CABG wint van PCI
Plaats een reactiePatiënten met coronairlijden die een bypassoperatie (CABG) ondergaan, beoordelen hun kwaliteit van leven na twaalf maanden hoger dan patiënten die tijdens percutane coronaire interventie (PCI) een drug-eluting stent geplaatst krijgen. Maar het verschil is klein, stellen de – voor een deel Rotterdamse – onderzoekers deze week in NEJM.

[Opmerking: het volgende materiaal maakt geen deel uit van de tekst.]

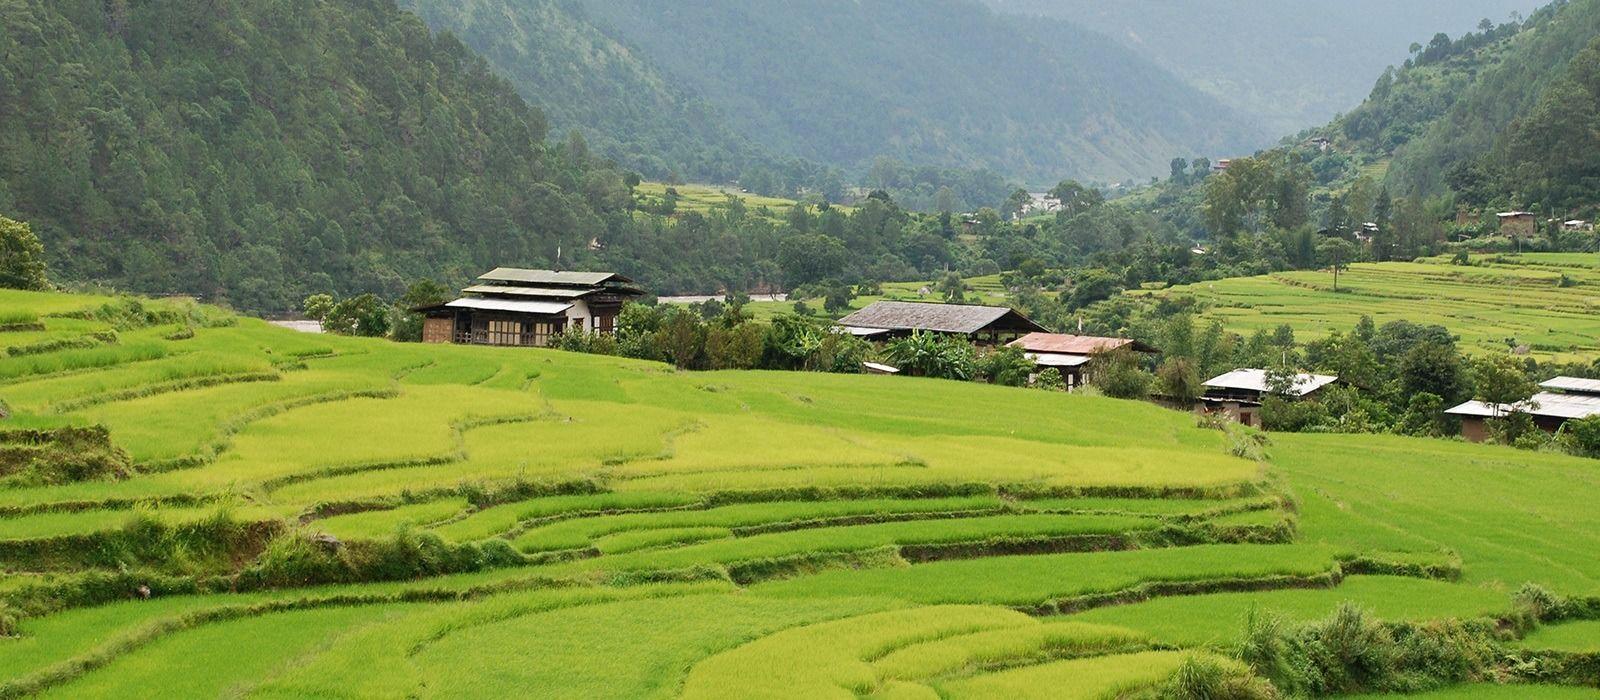 The Best of Bhutan Tour Trip 6
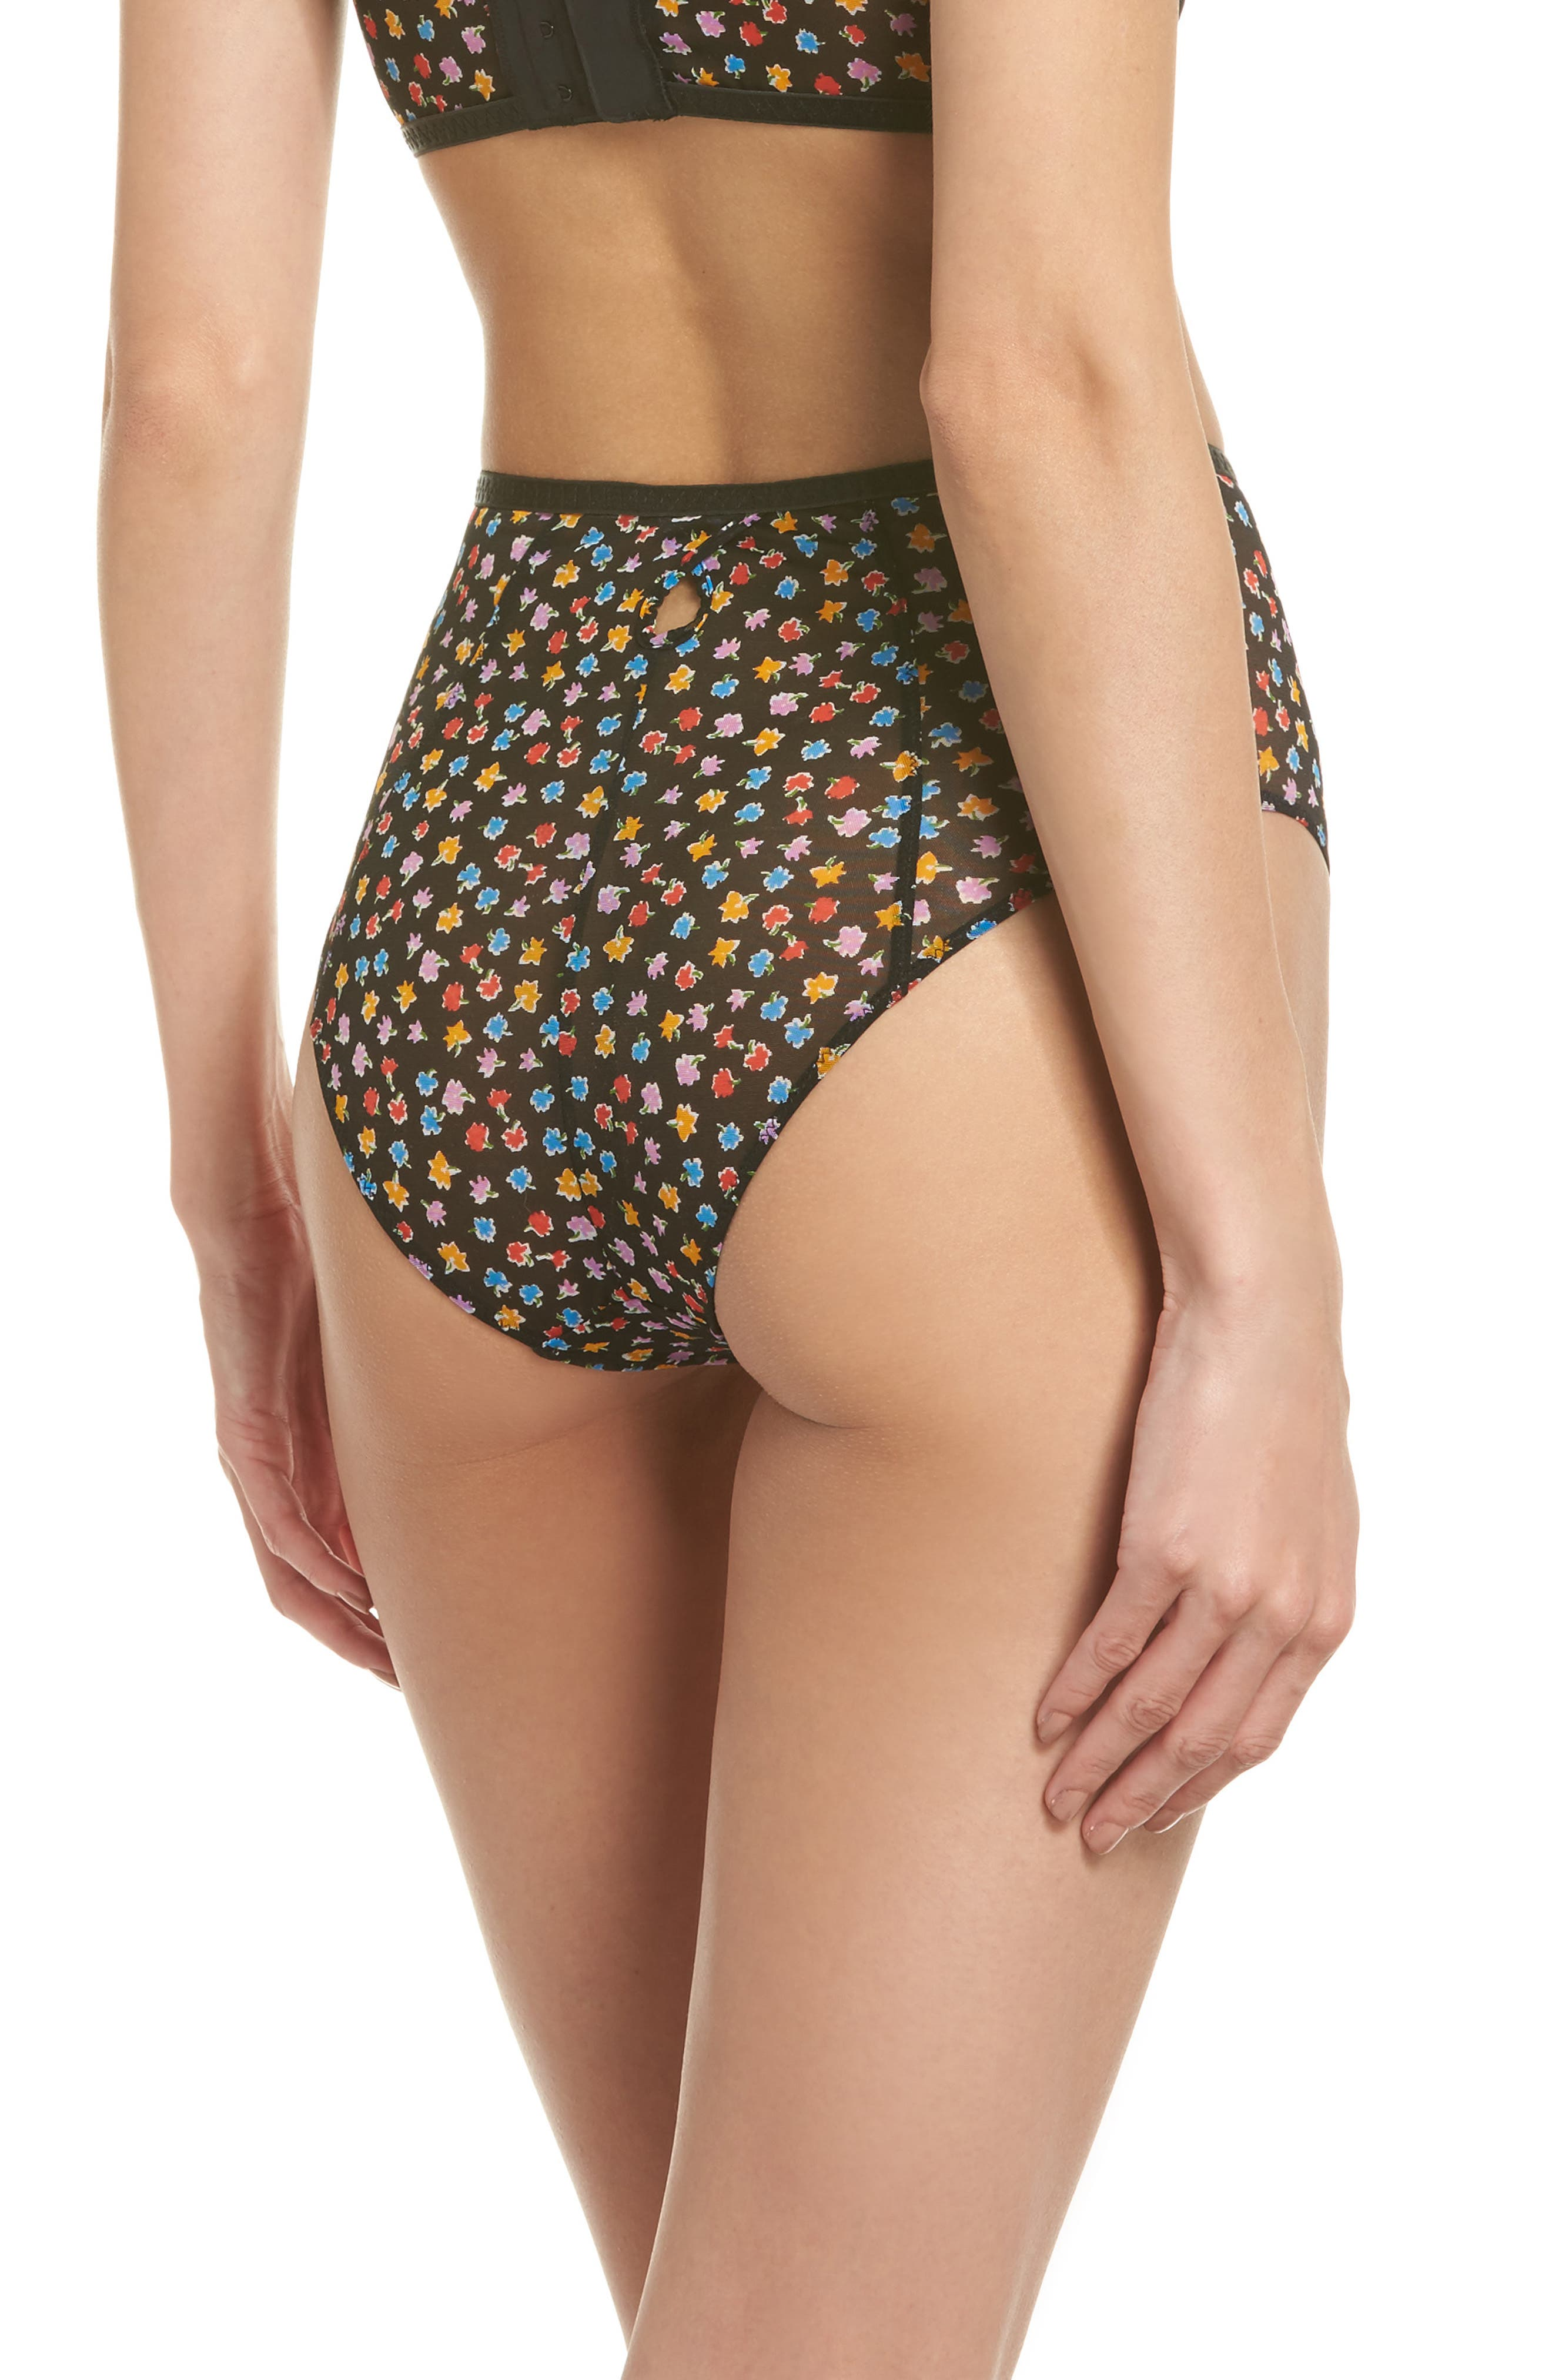 Intimately FP Capri High Waist Panties,                             Alternate thumbnail 2, color,                             019

De onderzoeksgroep van David Cohen toonde in 2009 aan dat, na twaalf maanden, CABG minder vaak tot ernstige complicaties (zoals het optreden van een myocardinfarct) had geleid dan PCI. 1800 patiënten met drietakscoronairlijden of lijden van de linkerhoofdstam ondergingen CABG (897 patiënten), dan wel PCI met een drug-eluting stent (903 patiënten).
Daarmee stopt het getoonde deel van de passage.